А ротный командир с безразличным скучающим видом рассматривал свои ногти. Дорошу очень хотелось расспросить: что же это произошло в Петербурге, но он понимал, что матрос, даже если что-нибудь и знает, ничего не скажет.
— Ясно, ваше благородие, — не сразу произнес Копотей. Он выжидающе смотрел на лейтенанта, а тот словно не торопился его отпускать.
Наконец Дорош сказал:
— Идите…
Копотей повернулся, по-уставному щелкнул каблуками. В кубрике он тотчас отозвал в сторону Акима Кривоносова и Степу Голубя.

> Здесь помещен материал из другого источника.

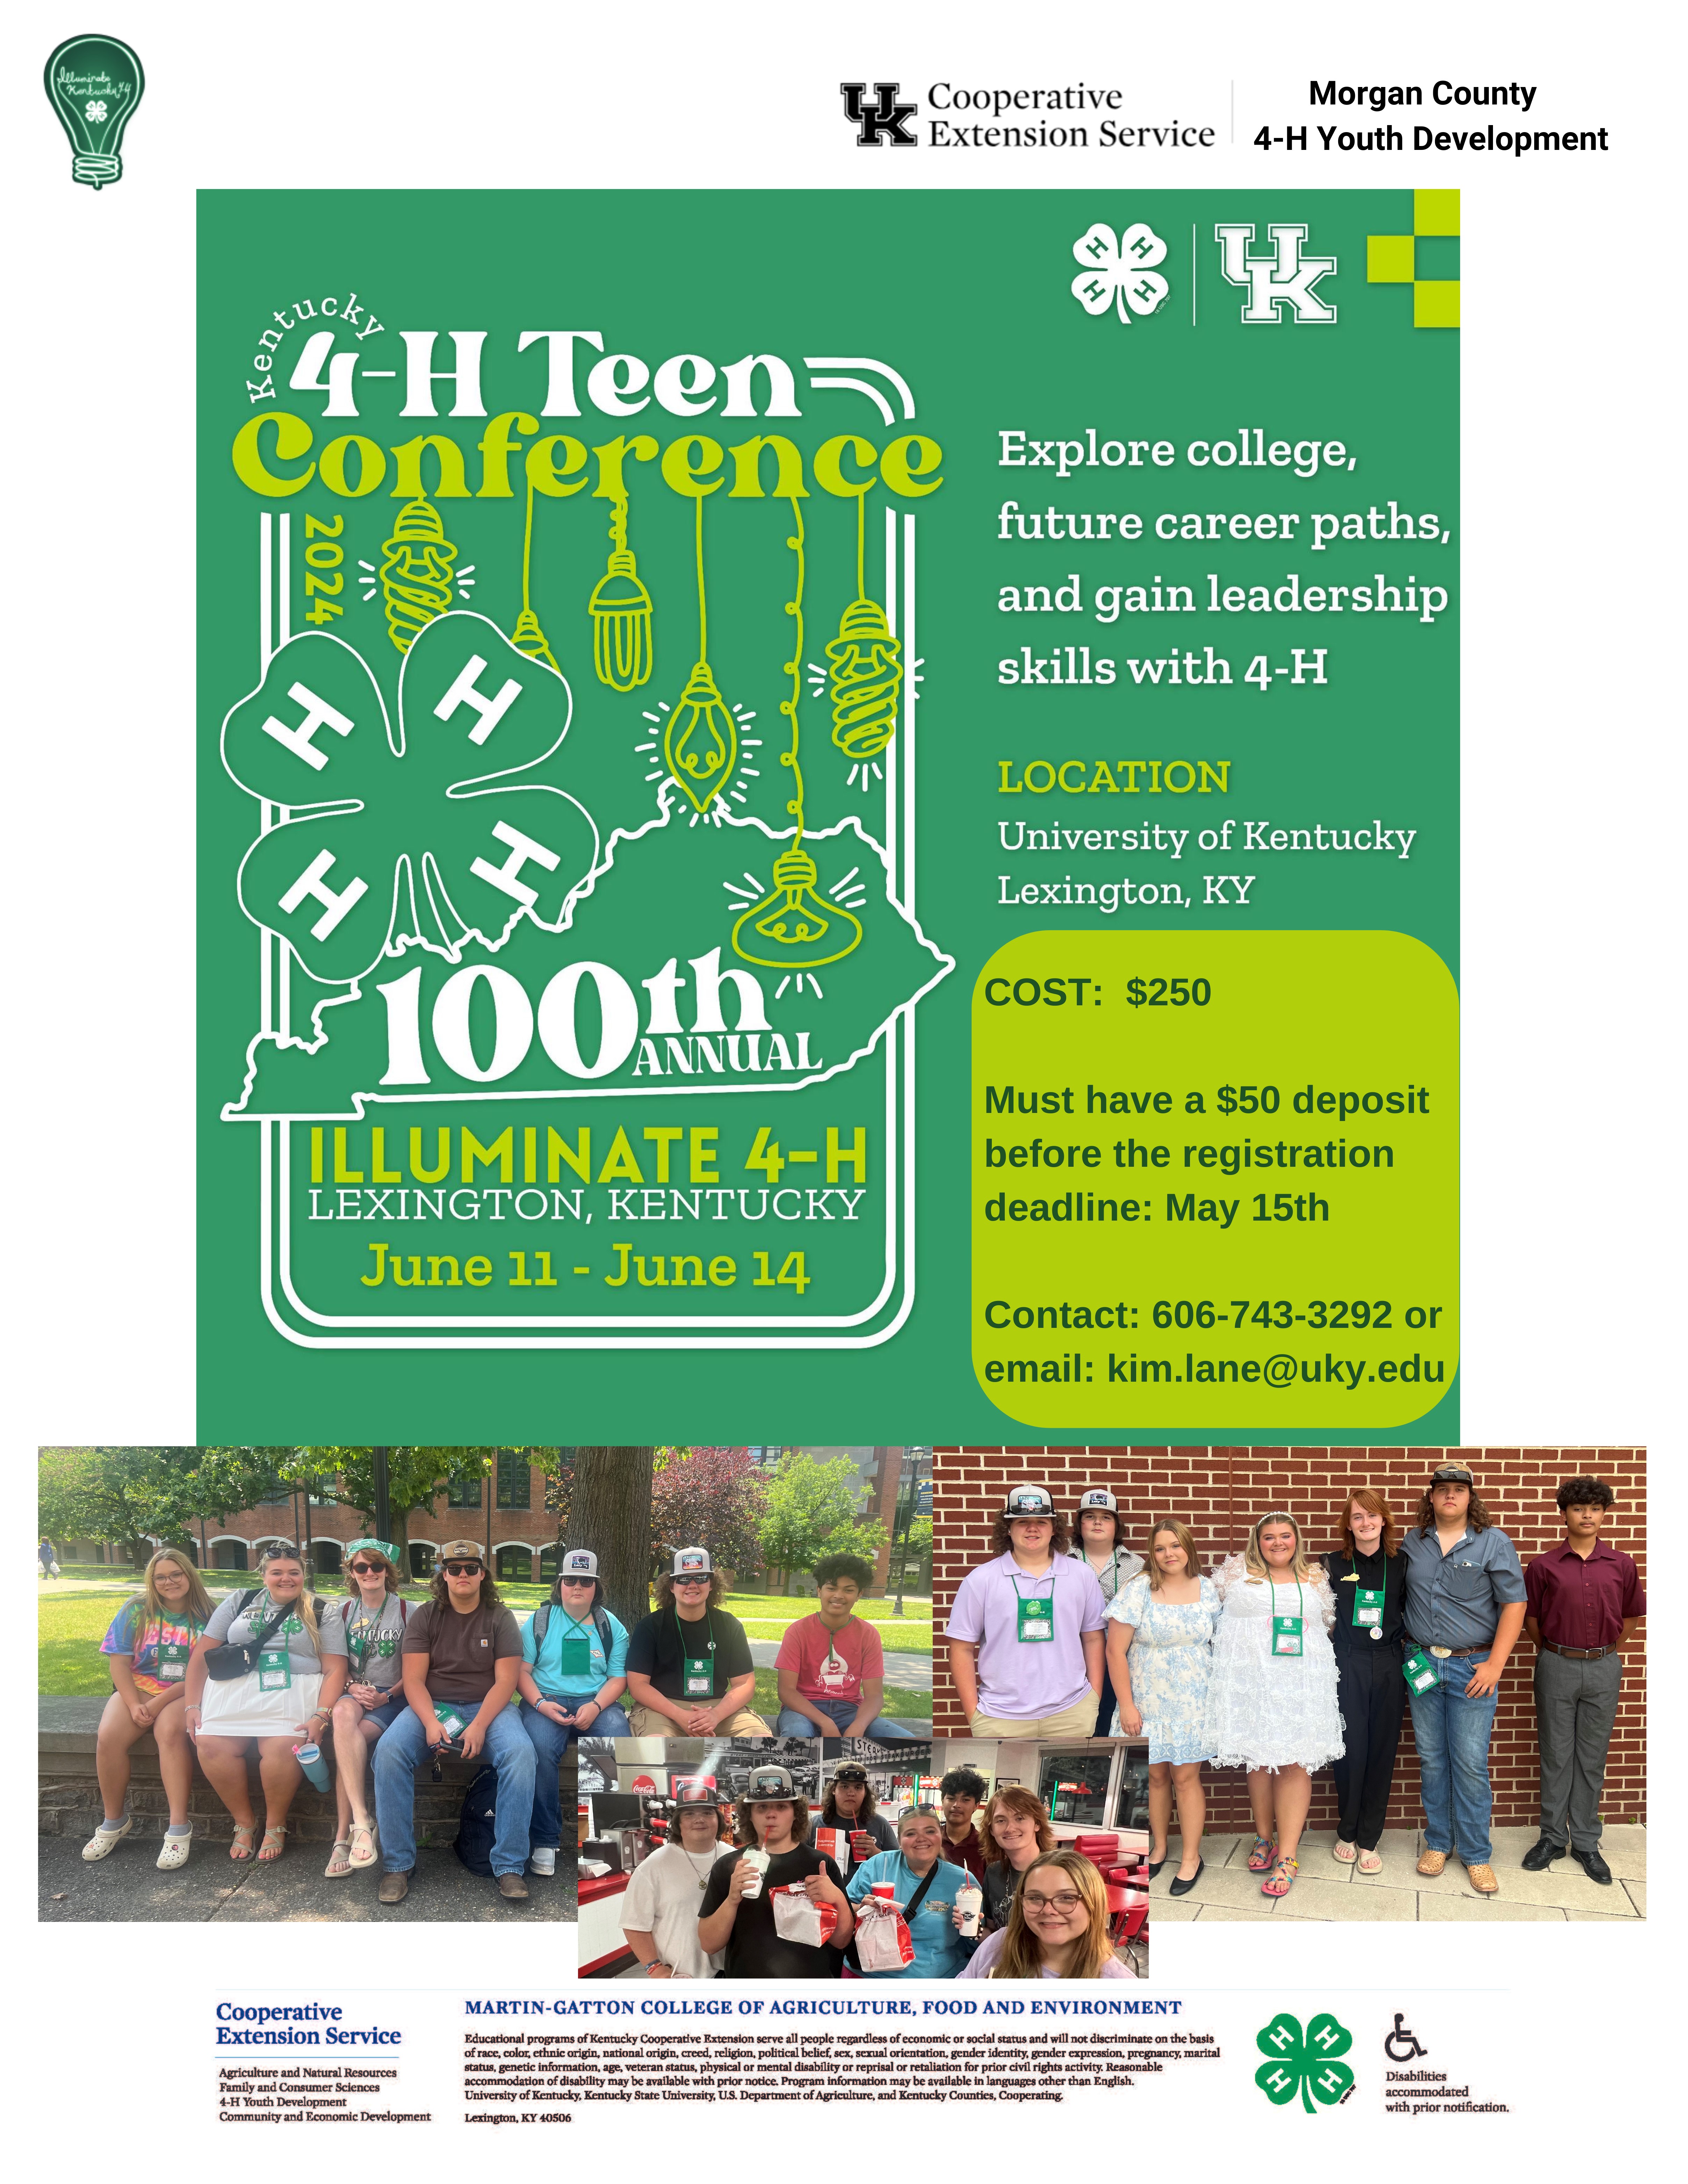 4-H Teen Conference Flyer

— Тебе было поручено доглядывать на трапе, чтобы никто не подслушал, когда мы говорили? — сурово спросил Голубя.
— Ну, мне. А что?
— А то, что проморгал ты. Эх, Голуба, Голуба, уж больно ты доверчив!.. Подслушала нас какая-то стерва, вот что.
И Копотей вполголоса рассказал о своем разговоре с командиром роты.
— Может, это он просто тебя на пушку брал? — высказал предположение встревоженный Аким Кривоносов. — Дескать, авось проболтаешься? Стороною, поди, что-нибудь услышал, а толком ничего не знает. Вот и выпытывает!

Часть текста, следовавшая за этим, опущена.